Mr Fallon had reluctantly accepted an invitation to tour the school after a series of angry letters from the head. The boys’ showers had been closed for two years because of an infestation of rats, the lower school had been evacuated after wiring was deemed unsafe and the gym was condemned and about to collapse.

“I was livid, I just couldn’t take it anymore, something had to be done,” says Dr Chadwick. “I was told that Michael Fallon would not be able to promise us any money but I just put him on the spot.”

The Government agreed to fund a complete pound;4.5 million refurbishment of the school. Today, sitting in the salubrious surroundings of the Pounds 12,000-a-year Berkhamsted Collegiate school, Hertfordshire, where she is principal, Dr Chadwick could not be further from the rat-plagued London state school.

Her arrival at Berkhamsted, whose old boys include Graham Greene (Greene’s father was a former head), coincided with one of the most controversial periods in its 461-year history as she was charged with merging the separate boys’ and girls’ schools.

Despite opposition from parents, within three years the prep school and sixth form were mixed, although boys and girls are still separate between the ages of 11 and 16. Dr Chadwick did away with the “ghastly green” girls’

uniform and introduced modern green, navy and black kilts. She rejected the title headmistress - “it is a horribly traditional public school title and was not really fitting in with the way the school was developing”, and became Berkhamsted’s first principal.

Cambridge-educated Dr Chadwick was dean of educational development at South Bank university for five years between her headships at Bishop Ramsey and Berkhamsted. She is a fellow of the Royal Society of Arts and chaired an advisory committee for the BBC on children’s television.

The organisation, which represents 240 heads of all-boys and mixed schools, only admitted its first woman member in 1994. It now has six women members in the UK. But how is the club, which lists Eton and Harrow among its most famous members, taking to having a woman at the helm?

“I have not experienced any animosity, and would not expect to,” she said.

“The fact that I am a former state-school head is, for me, more important than the gender issue. At a time when the two sectors are increasingly co-operating, I think my experience of both is quite invaluable.”

The Charities Bill, which will force private schools to prove their “public benefit”, is likely to be a main focus of her year, plus the possible merger of HMC and the Girls’ Schools Association (the timing, says Dr Chadwick, is nothing to do with her).
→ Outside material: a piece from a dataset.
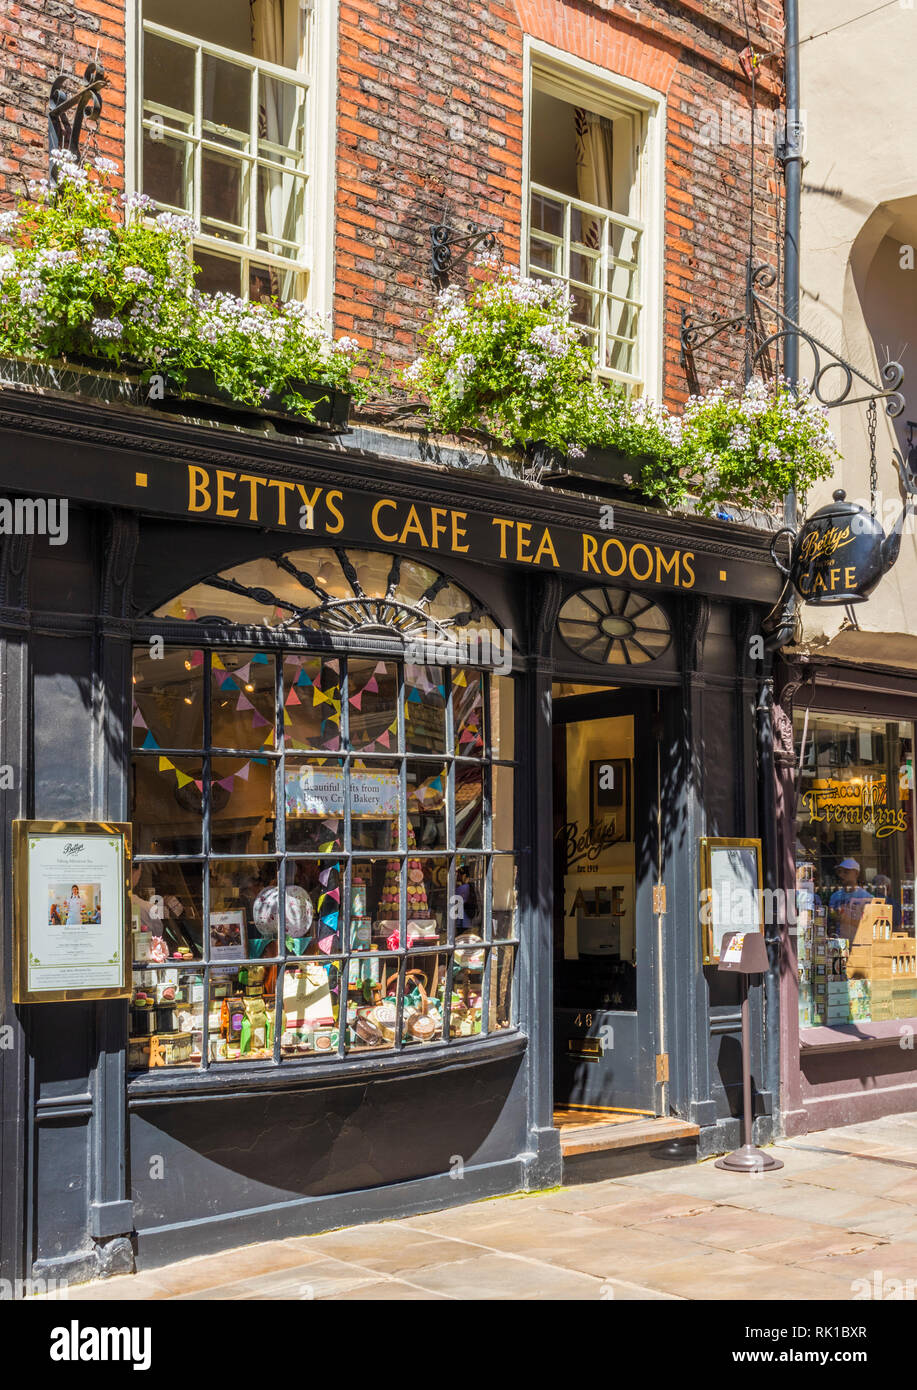 famous Bettys cafe and tea rooms on Stonegate city of York Yorkshire York Yorkshire England gb uk Europe0 Stock Photo
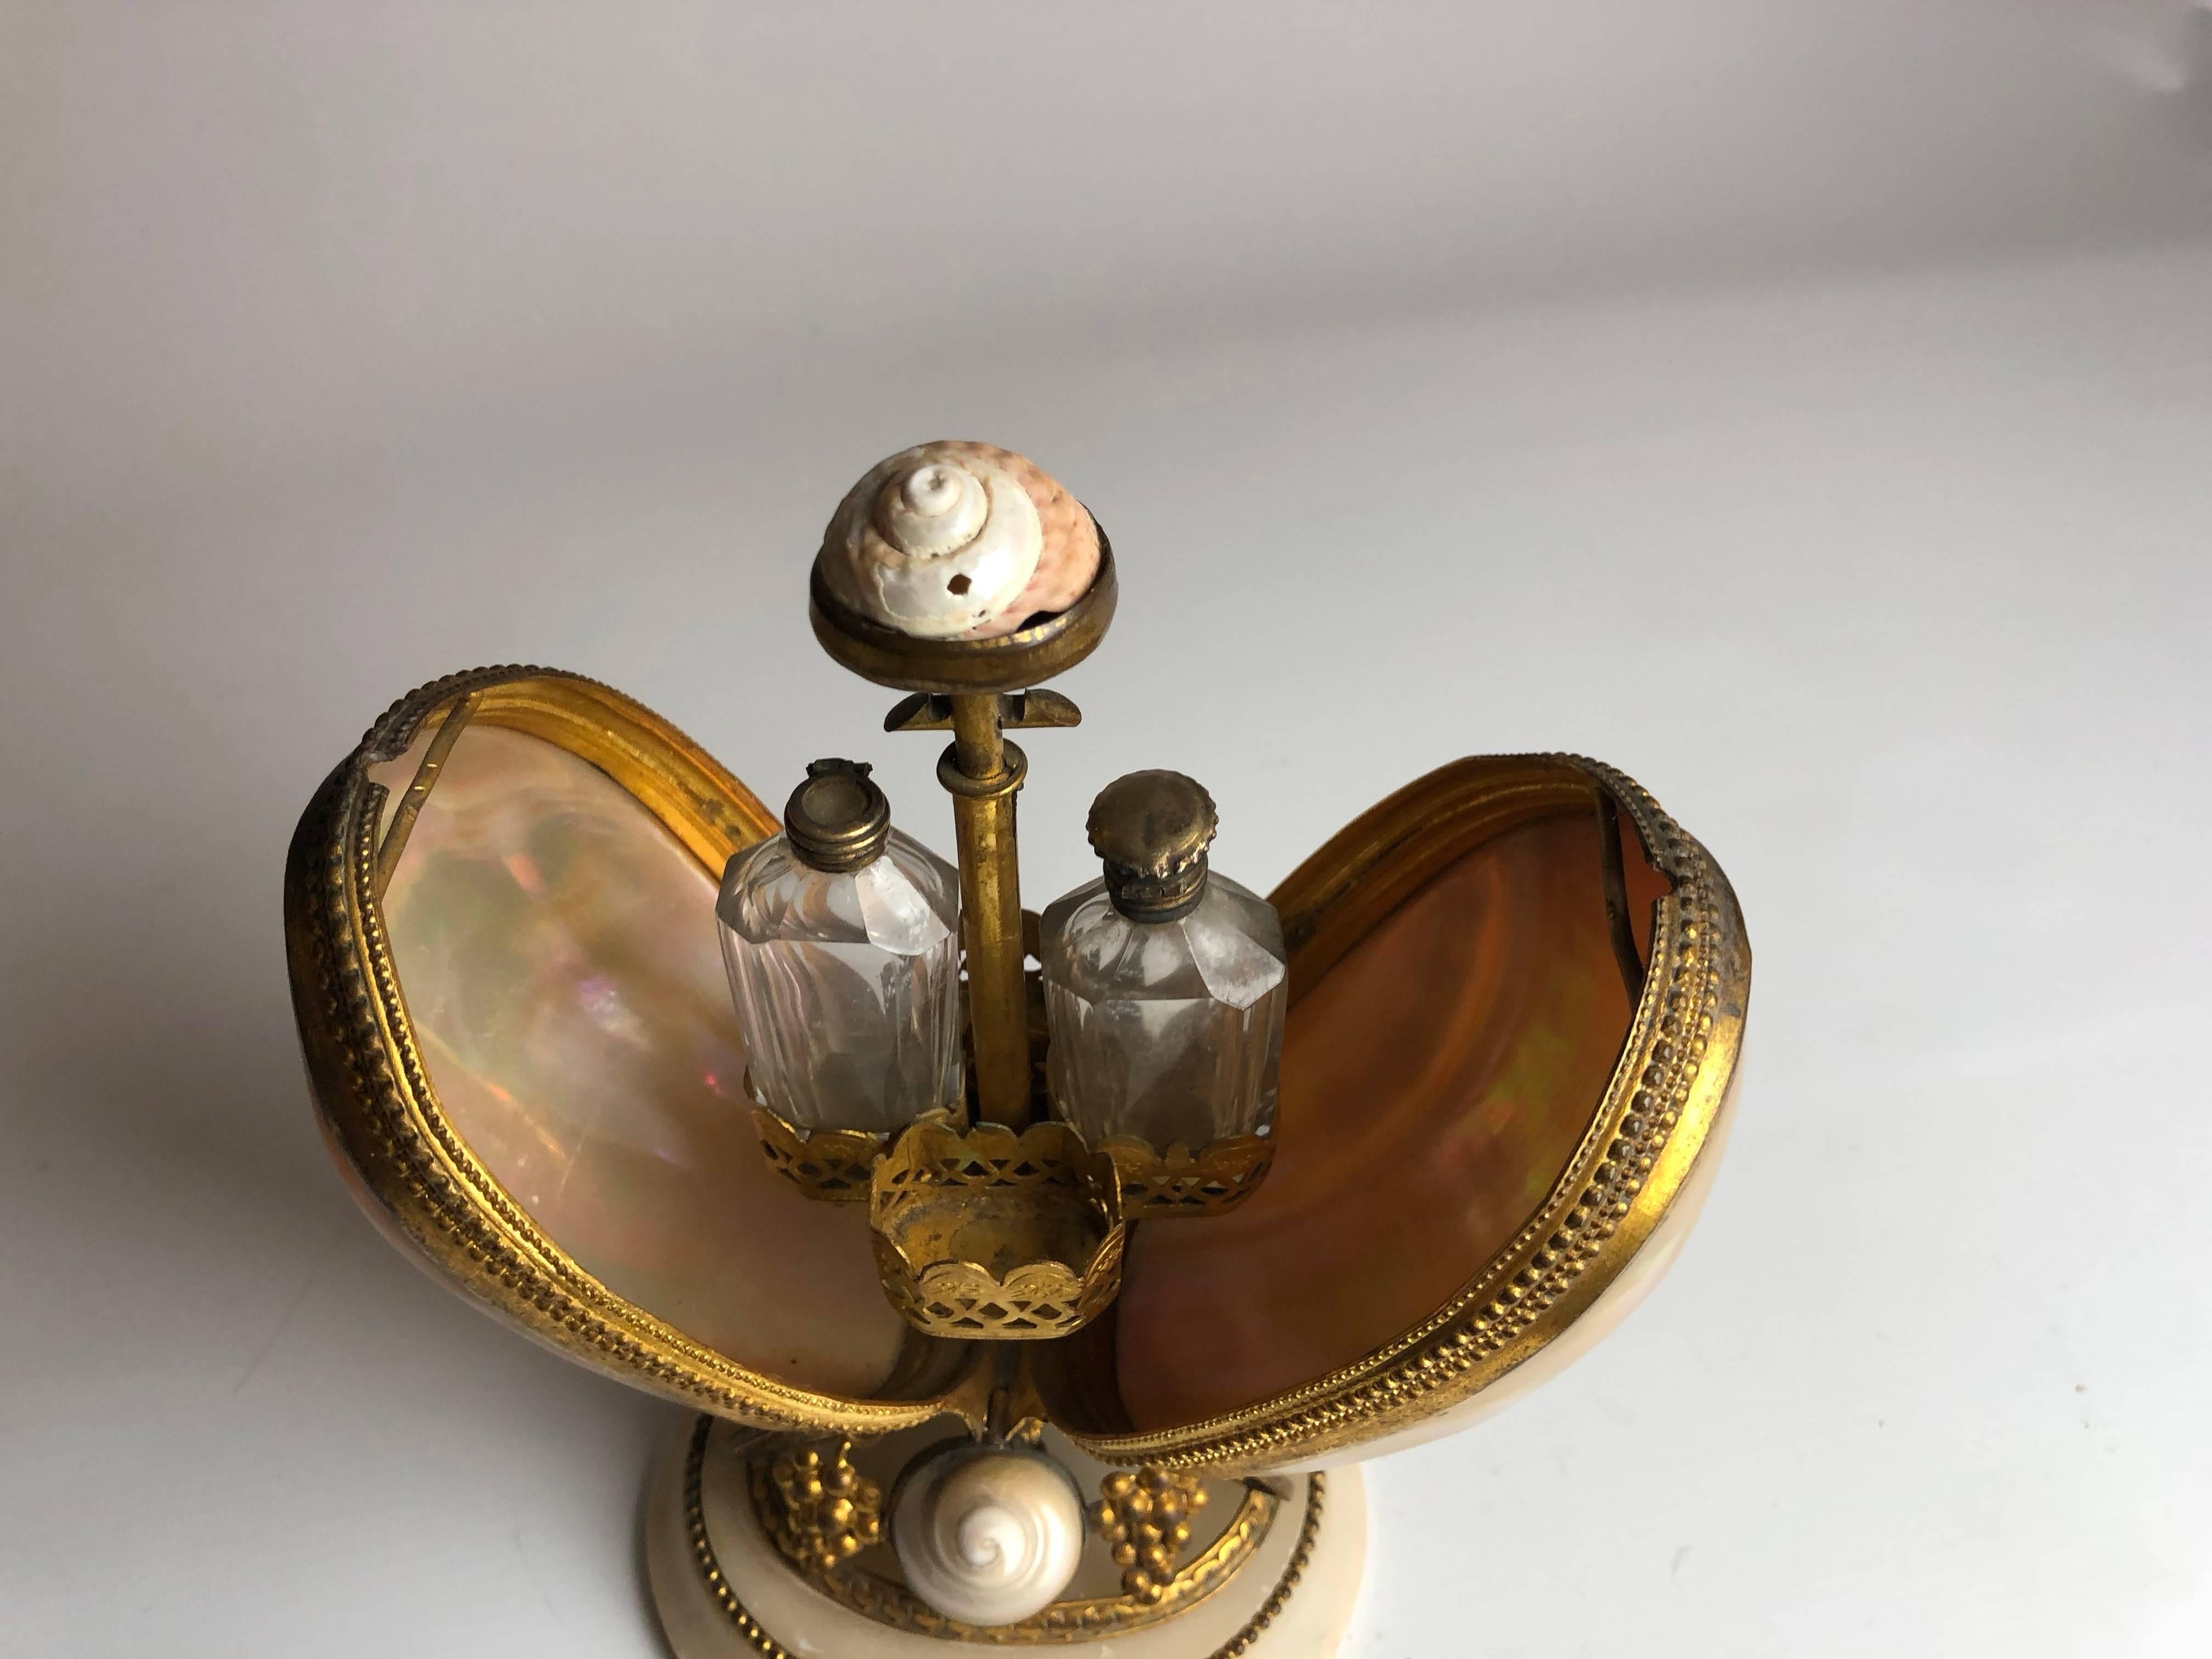 19th Century French Mechanical Perfume or Scent Caddy, Mother-of-Pearl Shells 1

She has rejected the Government’s proposal that private schools should sponsor academies, although she insists the relationship between HMC and No 10 has never been better.

“Compared to previous governments, this Labour administration sees the independent sector increasingly as a partner, rather than a competitor.

There is a lot we can share, although we will have to be careful to retain our independence - that is the message I will be carrying through throughout 2005.”